Look to the Muscles of Ambulation

Rehabilitation Clinical Trials Center Harbor-UCLA Research and Education Institute Torrance, California

I just love physiologic research. I'll take it over evidence-based studies anytime. In this issue of AJRCCM (pp. 425–430), the article by Saey and coworkers (1) is a perfect case in point.

For years, we've struggled to understand how exercise training improves exercise tolerance in patients with severe chronic obstructive pulmonary disease (COPD). The evidence couldn't be any clearer that rehabilitative training improves exercise tolerance; a large number of randomized trials can now be cited. An evidence-based document (2) and a meta-analysis (3) have proclaimed it as a fact. Now along comes this small, cleverly designed study that doesn't even feature a training intervention. Yet it shines like a beacon in the darkness to illuminate the truth. We can now understand why a training intervention should be successful in most patients. The physiologic rationale for the practice of pulmonary rehabilitation is now rock solid.

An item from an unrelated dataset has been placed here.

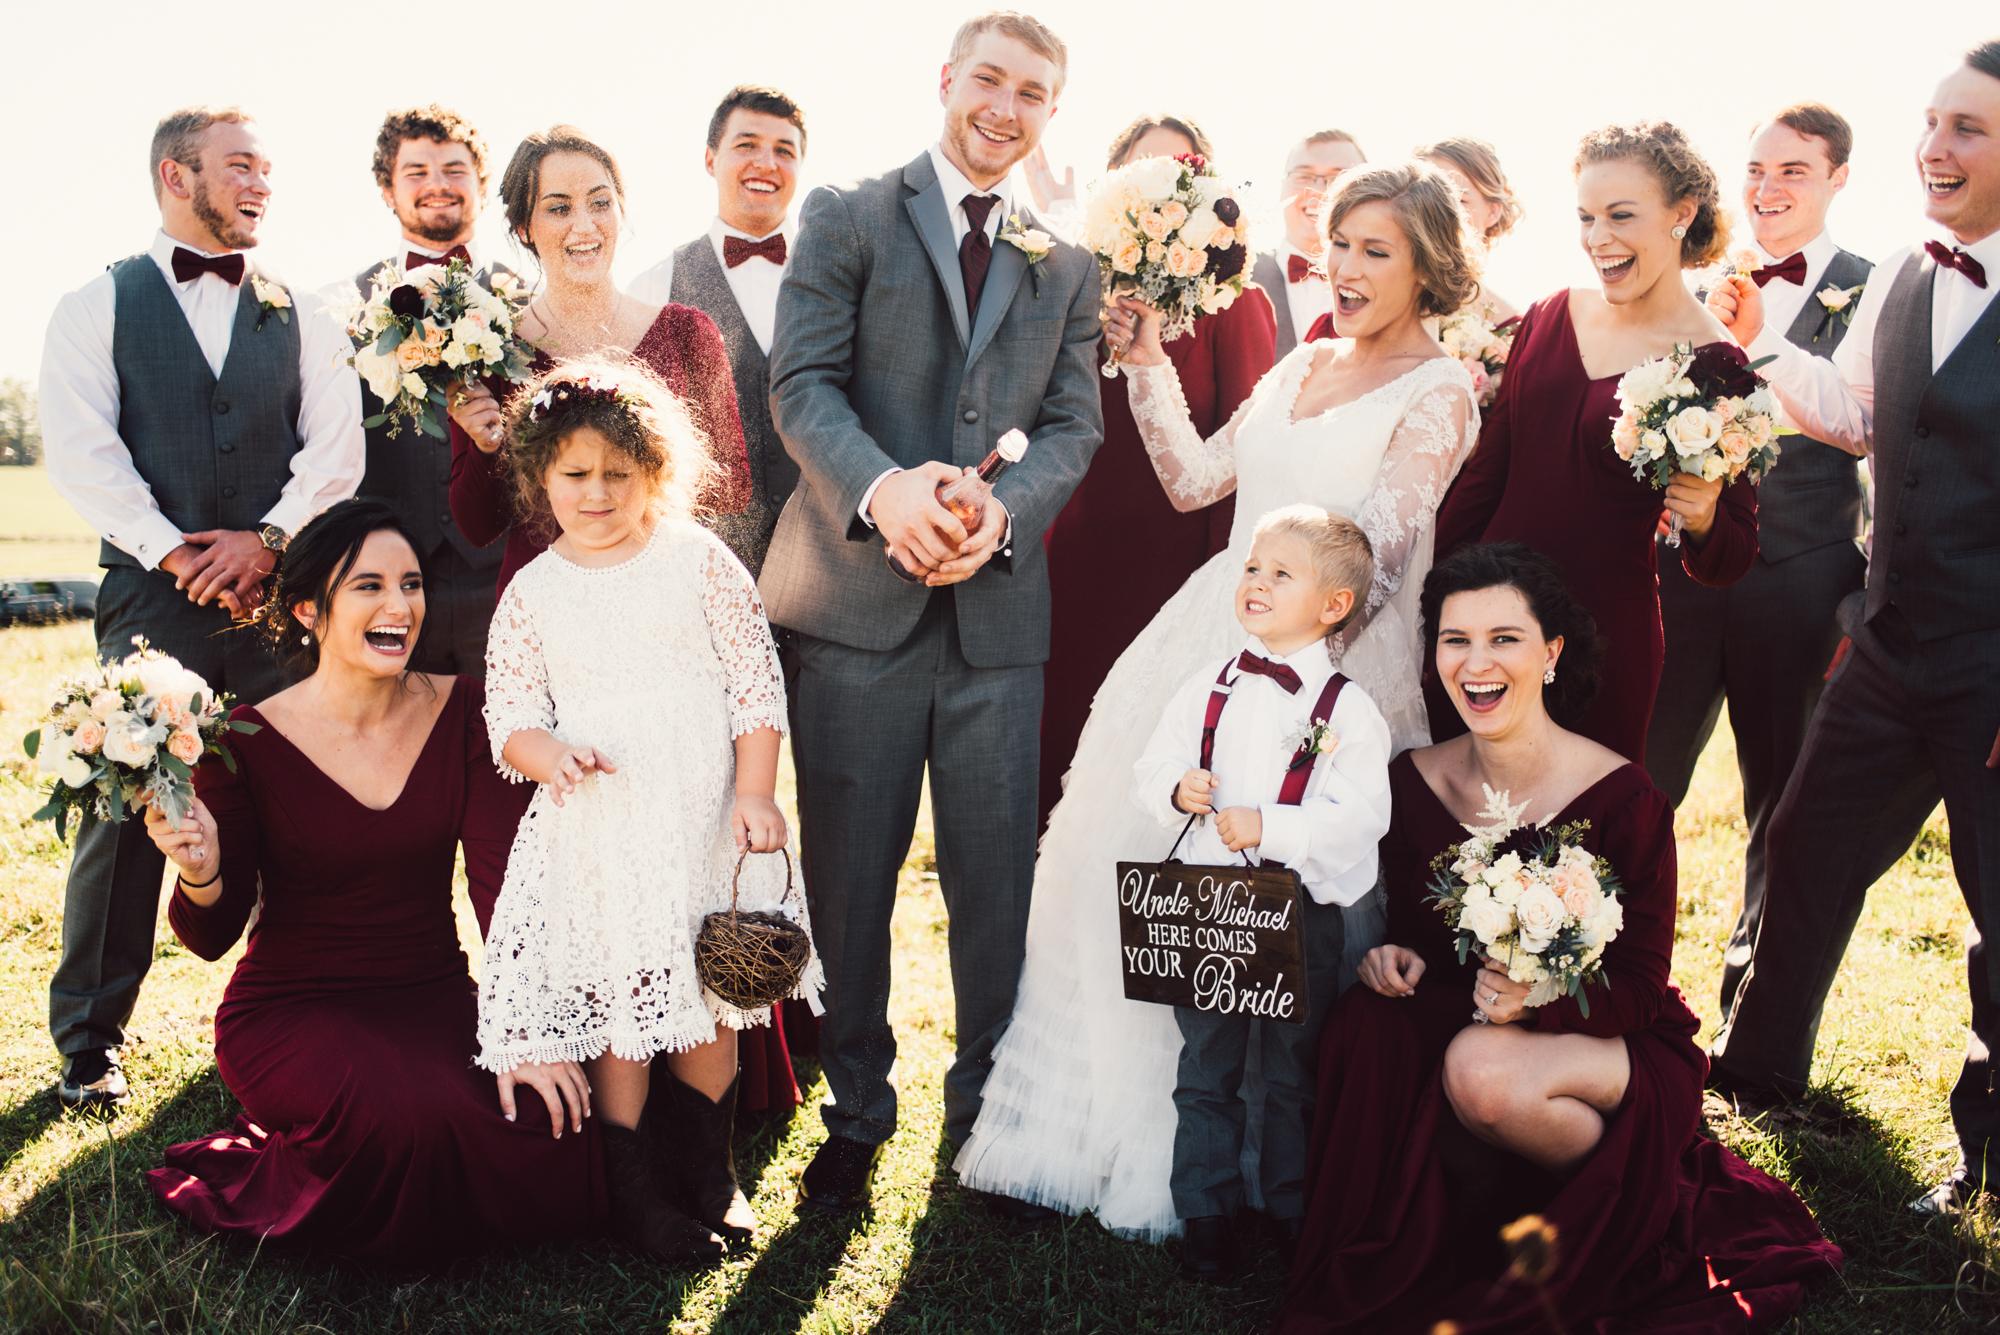 Ashley-and-Michael-Beaune-Woodstock-Virginia-Wedding-Shenandoah-Valley_68.JPG

It has been a long road. As recently as the late 1980s, exercise training was proclaimed to yield only psychological benefits (4); its main effect was to relieve unrealistic fears of dyspnea (5). Patients with severe disease were presumed to have a ventilatory limitation to exercise—that is, exercise was limited by intolerable dyspnea before the muscles of ambulation were stressed very much. A corollary of this theory was that improving function of the exercising muscle would be of no benefit. Besides, the thinking went, the ventilatory limitation precluded work rates capable of yielding the physiologic training effect necessary to improve muscle function. In other words, exercise above the critical training intensity was impossible.

It took a while to chip away at the precepts of this theory. Physiologically based studies with effort-independent outcome measures clearly demonstrated that a physiologic training effect could be achieved at work rates that these patients could sustain. Lower circulating lactate levels at a given level of exercise (6) and higher levels of aerobic enzymes in the trained muscles (7) were unmistakable proof of better muscle function. This is apparently possible because the muscles of ambulation of most patients with COPD function so poorly (because of deconditioning and perhaps because of a COPD-specific myopathy) (8) that the critical training intensity is extraordinarily low.

The second step was to show that improving function of the muscles of ambulation has a salutary effect on exercise tolerance. Can improving the function of the exercising muscles relieve ventilatory limitation? Ventilatory limitation to exercise occurs because the ventilatory requirement for exercise is abnormally high and because the level of ventilation that the patient can sustain is abnormally low. It was postulated (9) and then demonstrated (6) that because lactic acidosis stimulates ventilation, a training program would yield a lower ventilatory requirement in proportion to the reduction in lactic acidosis engendered by a given level of exercise. This finding led to the suggestion that only patients who are shown to be capable of sustaining an elevated lactate level during exercise should be subjected to high-intensity rehabilitative training programs (10). However, this concept did not hold water; patients with severe disease were shown to derive clear benefits from rigorous exercise programs whether or not they were able to raise circulating lactate levels substantially (11).

A paradigm shift was needed. The concept that the exercise tolerance of severe COPD patient was limited only by the ventilation that they could sustain slowly started to be challenged. A large study asserted that, subjectively, patients with COPD were often limited in their exercise tolerance by leg discomfort as well as by dyspnea (12). Furthermore, exercise tolerance was found to be poorly correlated with measures of lung function (e.g., FEV₁) and better correlated with leg muscle mass or cross-sectional area (13). Muscle strength was found to be a good predictor of exercise tolerance as well (14).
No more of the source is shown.